Process changes were made in order to ensure the quality of processed cavities but without fully reevaluating all tasks for additional hazards associated with the changes.  

A change was made in historical process steps to keep the cavity in a vertical orientation after cavities are processed.  Due to this change in process, disassembly tasks normally carried out in a horizontal orientation, which is more ergonomically friendly for both ends of the cavity, now needed to be carried out above the worker's head and below their knees.  Workers used a step ladder to gain better access to the bolt pattern above their heads and kneeled for the bolts below their knees, but used methods which were not ergonomically sound and an employee was injured.
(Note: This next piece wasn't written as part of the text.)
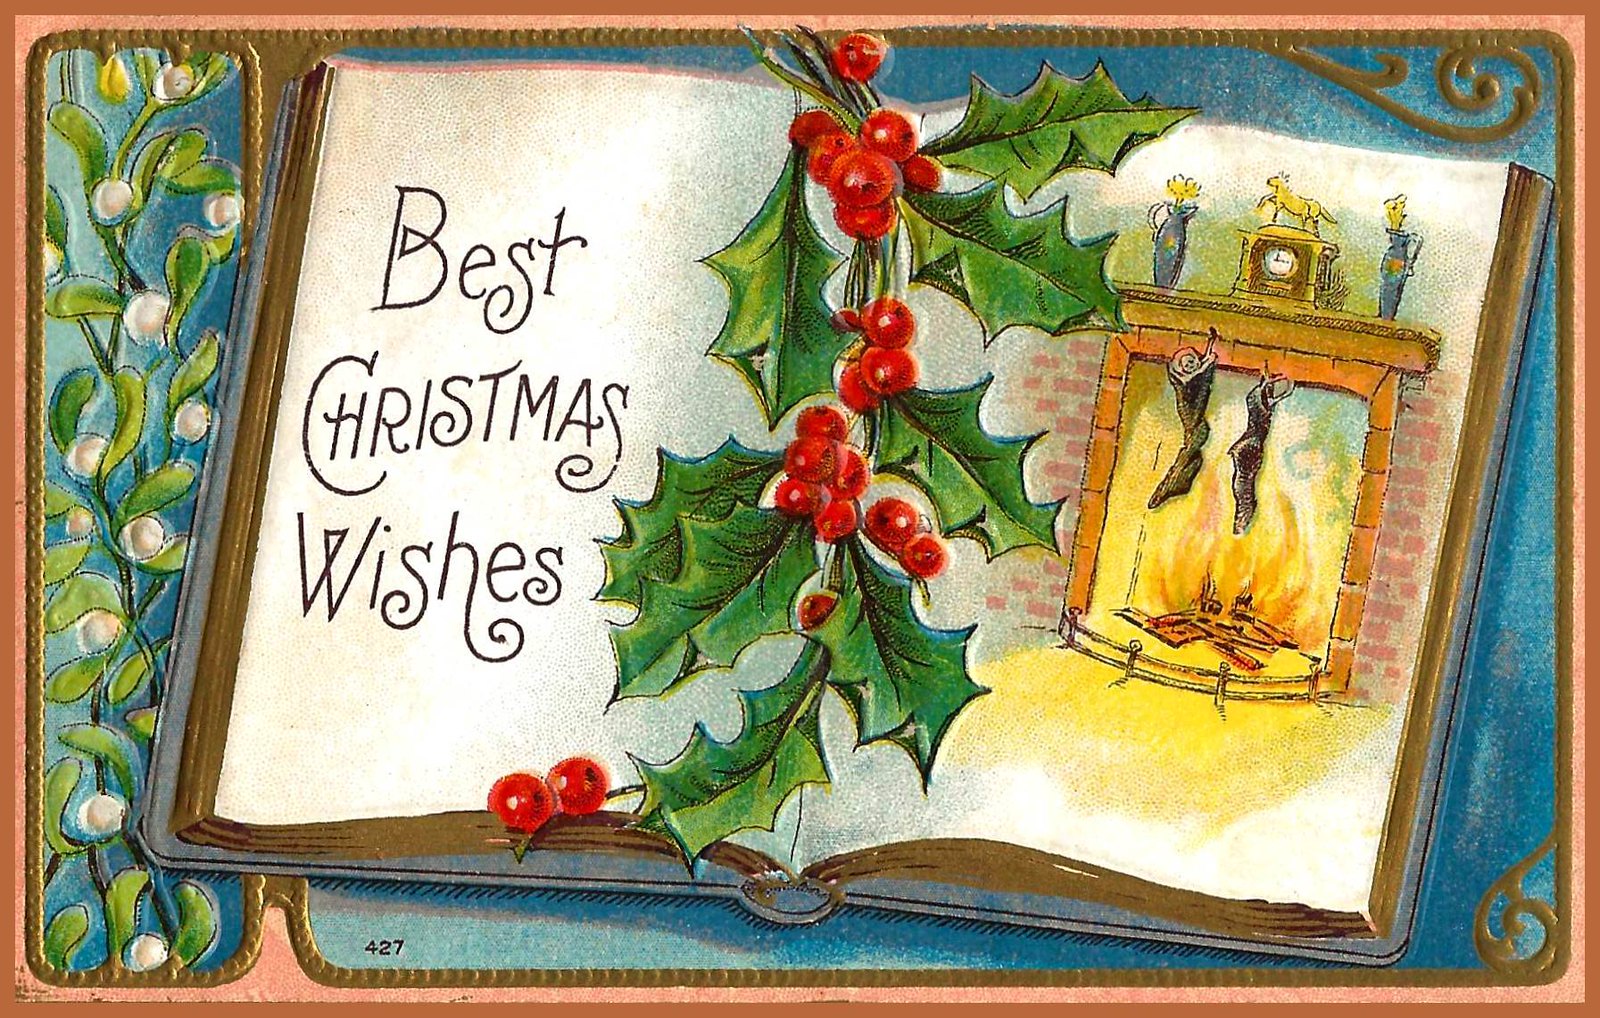 'Best Christmas Wishes' greeting card - 1910

While the methods used in the task were cursory evaluated by the supervisor and thought to be satisfactory, the job was not fully evaluated for all hazards prior to execution due in part to a lack of understanding in what to look for.

In addition to the orientation change, another process change was made in an effort to keep the quality of cavity processing at a high level.  Assembly Techs who normally would disassemble the cavities were asked to forward the cavities to the Chemical Techs for processing and disassembly.  During the investigation, it was noted that while disassembly tasks were similar to other disassembly tasks Chemical Techs provide on a routine basis, the Chemical Techs were not used to the process of disassembling cavities with torqued bolts or while it was in a vertical orientation.  It was also noted that different levels of physical capabilities between the work groups may have played a part in the incident.

Management believed that no variability existed in the new process steps and overlooked the fact that a change had occurred leading to differing results than normally realized.  These changes were not fully evaluated to see if the different process steps added additional hazards.

DOE Cause Code:
A3B3C04 - LTA Review Based on Assumption that Process Will Not Change

Along with the Root Cause, several Contributing Causes (or Causal Factors) were identified during the causal analysis and are described below.  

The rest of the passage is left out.